Ho sempre avuto una predilezione per “Selling England By The Pound” (a chi lo dici, ndr). È stato un bel periodo per me, e ritengo che ci siano delle gran belle idee su quell’album. Ma in ogni disco c’è per me qualcosa di speciale. Amo molto “The Fountain of Salmacis” e “Musical Box” da “Nursery Crime”, “Watcher of the Skies” e “Willow Farm” da “Foxtrot”, su “Selling England by the Pound” come ti ho detto ci sono molte intuizioni che mi piacciono parecchio… anche su “The Lamb Lies Down on Broadway” ci sono pezzi come “Flying on the Windshield”… adoro le tastiere di quell’album… e naturalmente anche da “Trick of the Tail”, pezzi come “Dance on a Volcano”, “Los Endos”… insomma, per ogni album ci sono delle cose a cui sono affezionato, ognuna ha le sue peculiarità.
Facciamo un piccolo balzo in avanti: a metà degli anni ottanta hai messo su una band insieme a Steve Howe, i GTR. Cosa puoi dirmi di quei giorni, e della fine precoce di quel progetto?

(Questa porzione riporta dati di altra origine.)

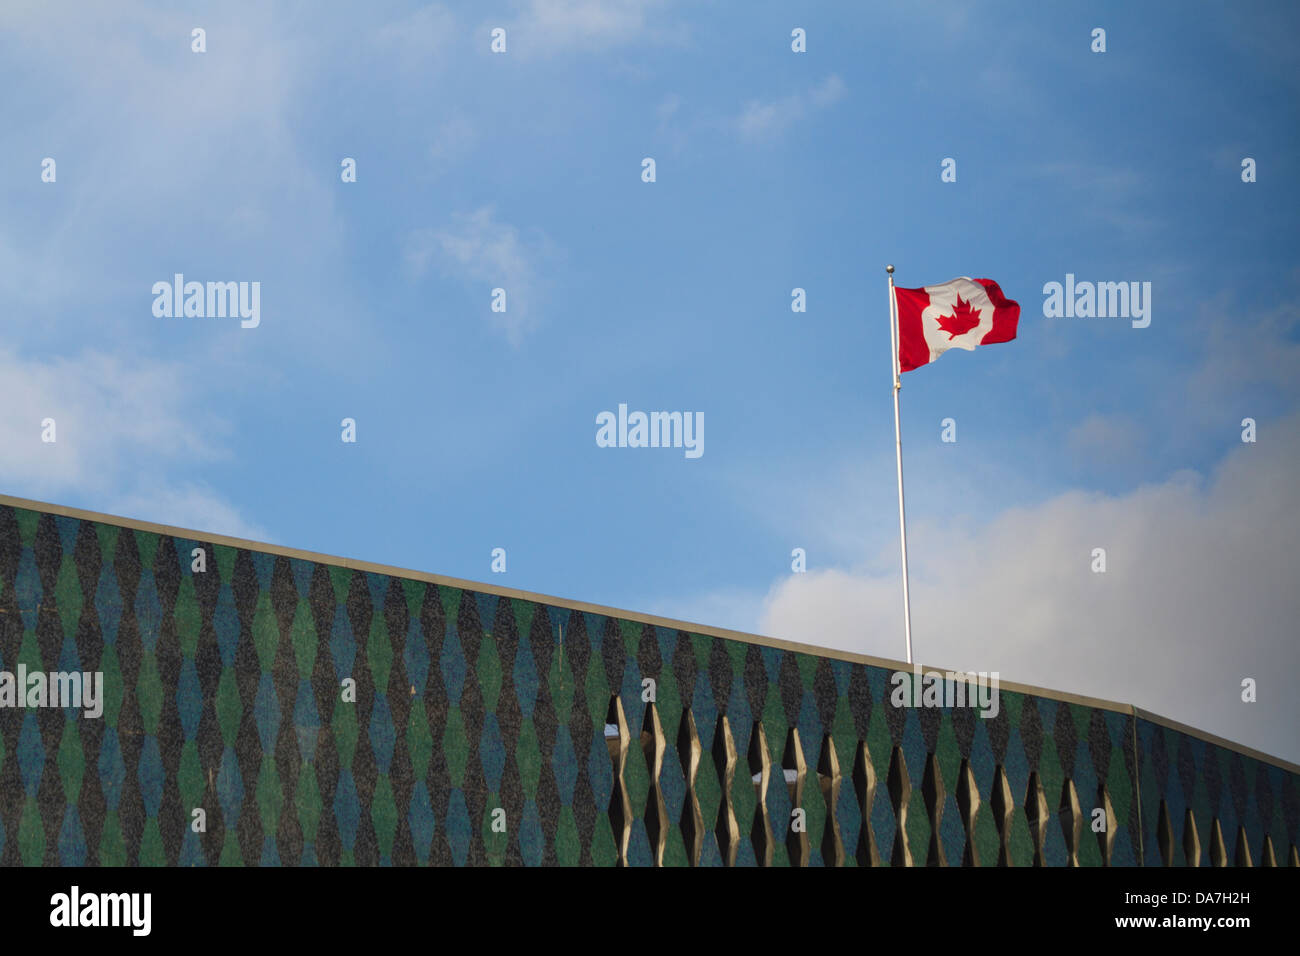 The Canadian flag blowing in the wind Stock Photo

In origine dovevamo solo fare un album insieme, ma presto sembrò che ci sarebbe stata molta attenzione su quel progetto se avessimo creato una vera e propria band, cosa che finimmo per fare. Il gruppo andò molto bene in termini commerciali, ma a mio parere non realizzò il suo potenziale in termini creativi. Penso che la band sia rimasta compromessa sul piano del successo… sì insomma, per me il suo potenziale era davvero interessante, ma non fu capace di esprimerlo, e per questo preferii abbandonarla per dedicarmi ad altro.
Nel mondo della musica in generale, e del rock in particolare, ci sono musicisti che si concentrano esclusivamente sulla dimensione musicale, mentre ce ne sono altri per i quali ha grande rilevanza anche il look, la scenografia, lo stile visivo con cui si presentano al pubblico. Che cosa pensi di questi diversi approcci?

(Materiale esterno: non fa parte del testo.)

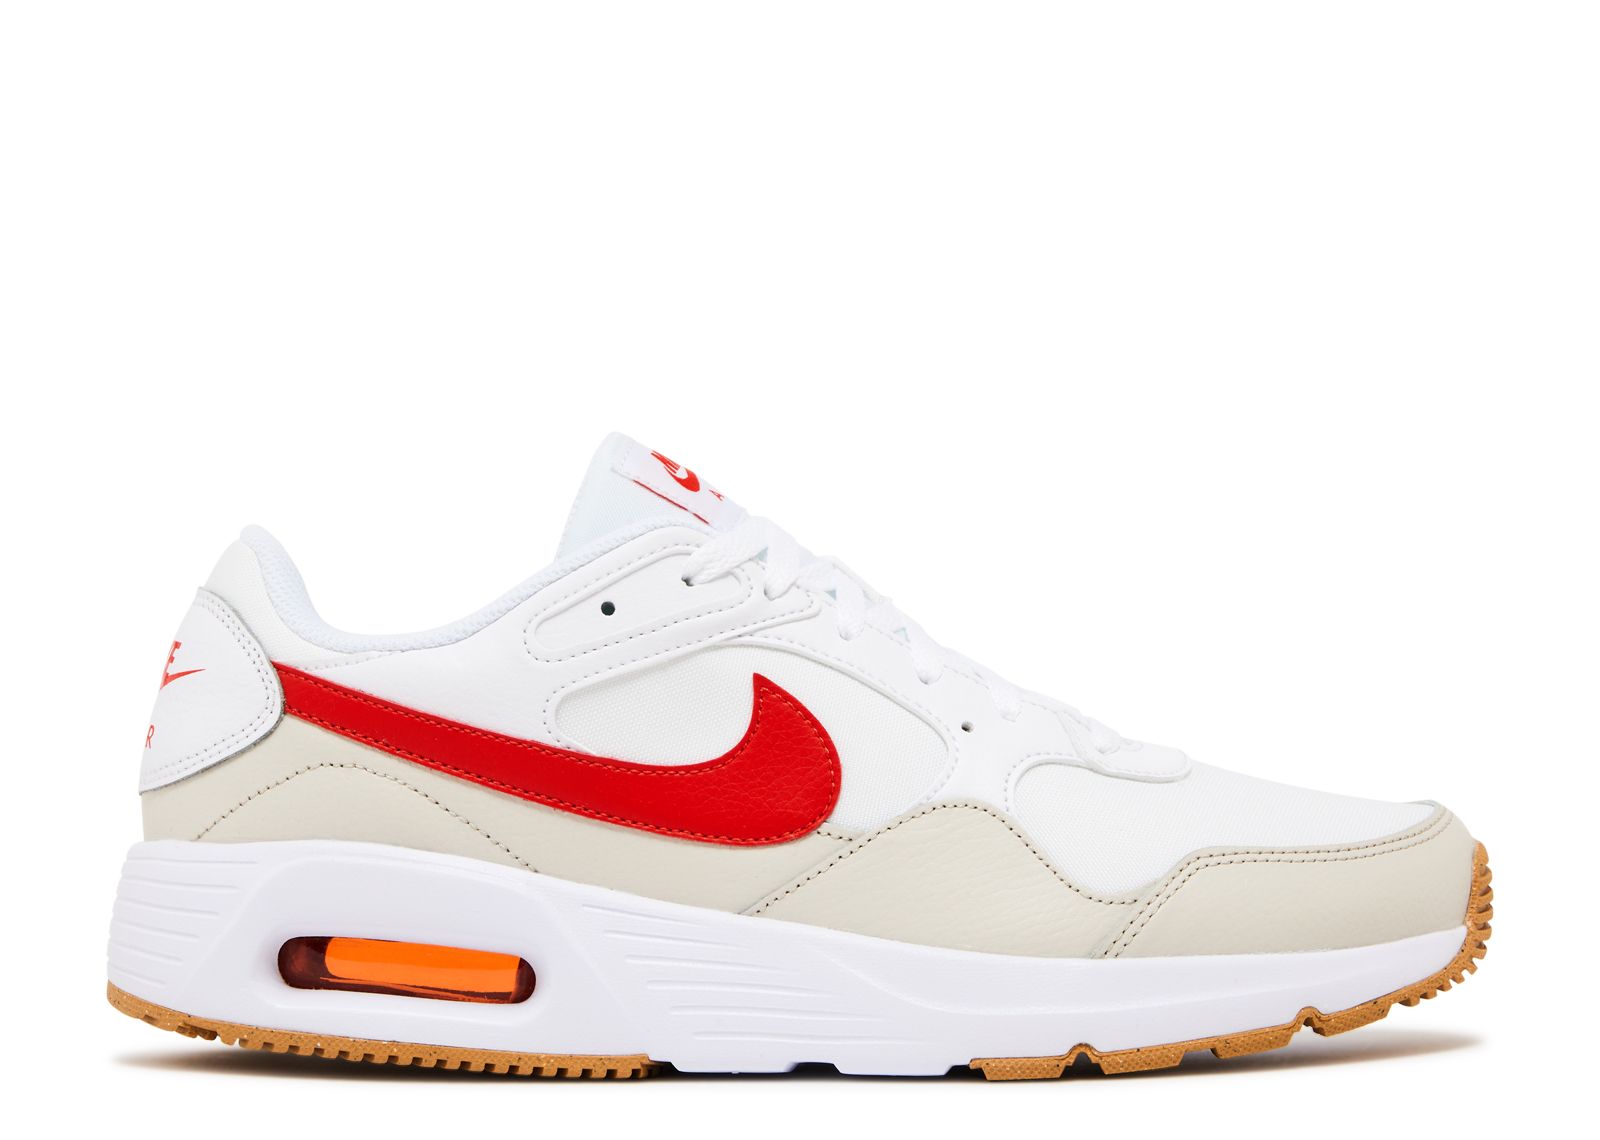 Air Max SC 'White Picante Red' - Nike - CW4555 112 - white/light orewood  brown/gum light brown/picante red | Flight Club

Sono cresciuto in un’era in cui la radio era più potente della televisione, e in cui l’underground era più potente della radio. Personaggi come John Peel avevano molta influenza sulla scena musicale. A quei tempi, era possibile per una band salire alla ribalta dal nulla, come successe per esempio ai Pink Floyd. Per rispondere alla tua domanda, nel mio caso la musica che faccio è molto visiva già di per sé, mira non solo all’orecchio ma anche all’occhio. In generale preferisco musicisti con l’immagine di uno che fa la musica, piuttosto che gente che si preoccupa di seguire le mode con capelli lunghi, capelli corti o niente capelli del tutto…
(a questo punto Steve si scusa e mi fa notare che la mezz’ora di tempo a nostra disposizione è agli sgoccioli, e che subito dopo ha un’altra intervista che lo attende)
Bene, un’ultima domanda: a quando un concerto in Italia?
Lo spero, sicuramente in futuro verrò, solo che non so quanto ci vorrà, perché al momento sto seguendo un sacco di progetti, sto facendo dei concerti acustici… quindi non so quando avrò la possibilità di venire in Italia, almeno con la rock band, visto che per ora devo concentrarmi sui lavori in studio, magari girare qualche video… non che faccia dei video particolarmente elaborati o costosi, per me non sono così importanti, non so se mi spiego… sono un animale di un’altra razza, se capisci quel che voglio dire, vengo da un’epoca diversa.
Perfetto, Steve. Avrei avuto molte altre domande da farti, ma il tempo è tiranno. Ti ringrazio, è stato un piacere parlare con te.
Grazie a te Riccardo, il piacere è tutto mio. Un saluto anche ai tuoi lettori!